Our Approach: What makes us special?

When we set out to establish our small law firm in 2003, we were driven by the idea that the strict separation of advisory/transaction work from litigation, as more and more practiced by major Swiss law firms, was not in all instances perfectly suited to clients' needs in Switzerland. 

"Cross-fertilization" between advisory work and litigation was, in our view, underestimated. And the alleged positive effect of handing litigation of all sorts and across all industries to pure litigators (who were specialists in procedural law, but would each time need to learn the specifics of the respective industry and the law applying to it, on the job) was in our view over weighted, in particular against the following background, which makes the situation in Switzerland different from the one in the U.S., from where the separation in big law firms originated:

Commercial litigation in Switzerland never takes place before a jury, and almost always -- at least in major cases -- the factual allegations and legal arguments are exchanged by way of written legal briefs, carefully prepared over weeks and months, rather than through oral argument. This even applies to procedural motions. Sometimes, counsel does not once physically appear in Court over the entire duration of year-long proceedings (except for settlement talks, if any). In the relatively rare instances where witnesses are being heard, it is usually the Judge who asks the questions and there is no game of "direct", "re-direct" and "cross-examination" by the lawyers. Hence, a Swiss litigator typically must be no rhetorical wunderkind (he better be not) and must not, normally, be able to react to tactical moves within seconds. Nor must he know all the wrinkles of procedural law by heart or be a particularly good "seller".

Fact-finding and extensive document review capacities also play a much smaller role than in other jurisdictions -- for the lack of effective discovery tools under Swiss procedural laws. Big litigation teams are therefore usually neither necessary nor particularly welcome in Court.

On the other hand, profound knowledge of (the sometimes rather dogmatic) Swiss substantive law and the respective precedents, as well as a deep understanding of market practices in a given industry, are indispensable in order to convince a panel of Swiss full-time judges, who are themselves often specialized in the respective field of law (and at times, for example in the Canton of Zurich, supported by an "expert judge" from the respective industry, also sitting on the bench).

The experiences we gained at major Swiss law firms (both in the litigation department as well as in transactional practice groups) and the role models we met over the years, made us think that a good M&A transactional lawyer willing to familiarize with procedural law, would, under the circumstances just described, often be just the person we would pick to support us in M&A litigation if our own interests would be at stake in Switzerland.
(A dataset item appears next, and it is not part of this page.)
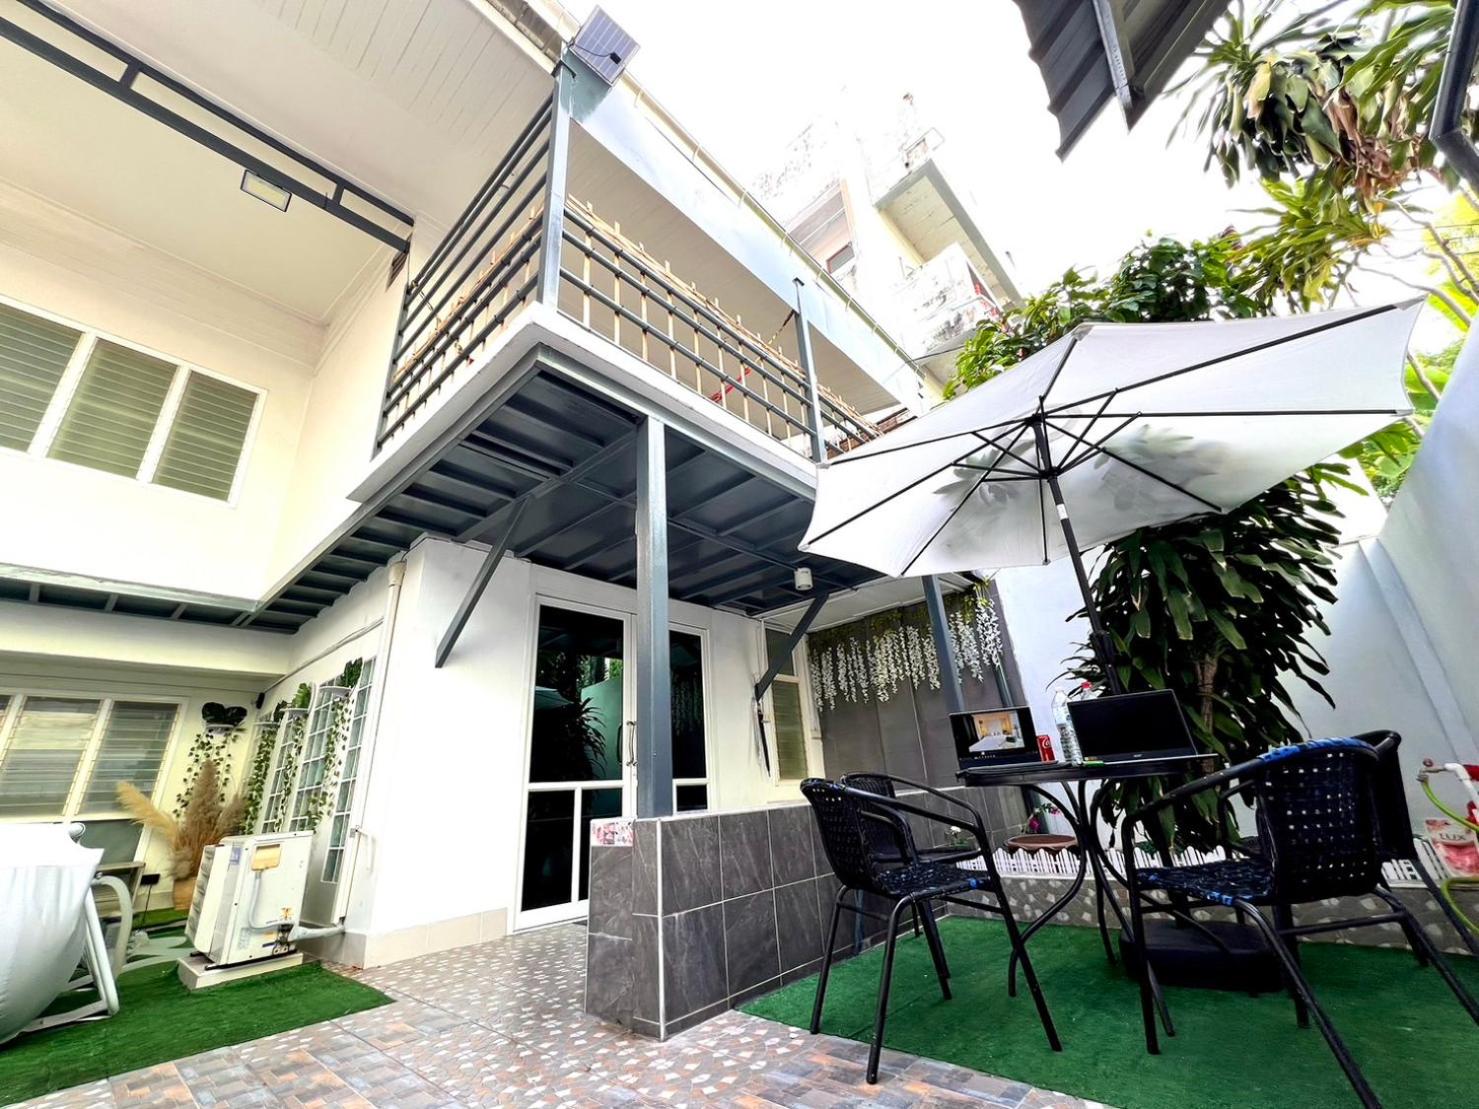 Getaway Villa Bangkok - 4 Bedroom,6 Beds and 5 Bathroom, Huai Kwang

And, vice versa, a lawyer who is already "battle proven" in enforcing/defending Reps & Warranties contained in a typical Swiss Share Purchase Agreement, would probably also be the right person to negotiate the respective clauses -- together with a suitable forum clause (Courts in various Cantons of Switzerland, as we know from experience, considerably differ as to their expertise, specialization and organization when it comes to international transactions). And he would also be a good choice in order to explain the true meaning and effect a Swiss Court may probably give one day to some contractual language (despite its plain meaning).

What we think holds true, as just described, with regard to M&A transactions, probably also applies to other areas, such as advising and representing members of senior management and corporate boards when it comes to (potential) liability risks. The risk map we need to draw for our clients in takeover-situations or situations of financial distress, may not, for example, disregard the fact as to who (shareholders, creditors, employees, the corporation) may have, based on specific precedents, legal standing to actually sue, and who may, based on our experience, have a sufficient incentive (in terms of a cost-benefit analysis of litigation) and good chances to win.

The above led us to adopt the following strategy: We are (and will remain) a small, independent team of full-blooded lawyers, assisting our clients in Court in a limited number of legal areas and industries, and applying the expertise we gain there to ensure the relevance and highest level of quality of the advice we give to our clients (which over the years started to include other law firms and auditing firms) -- and vice versa.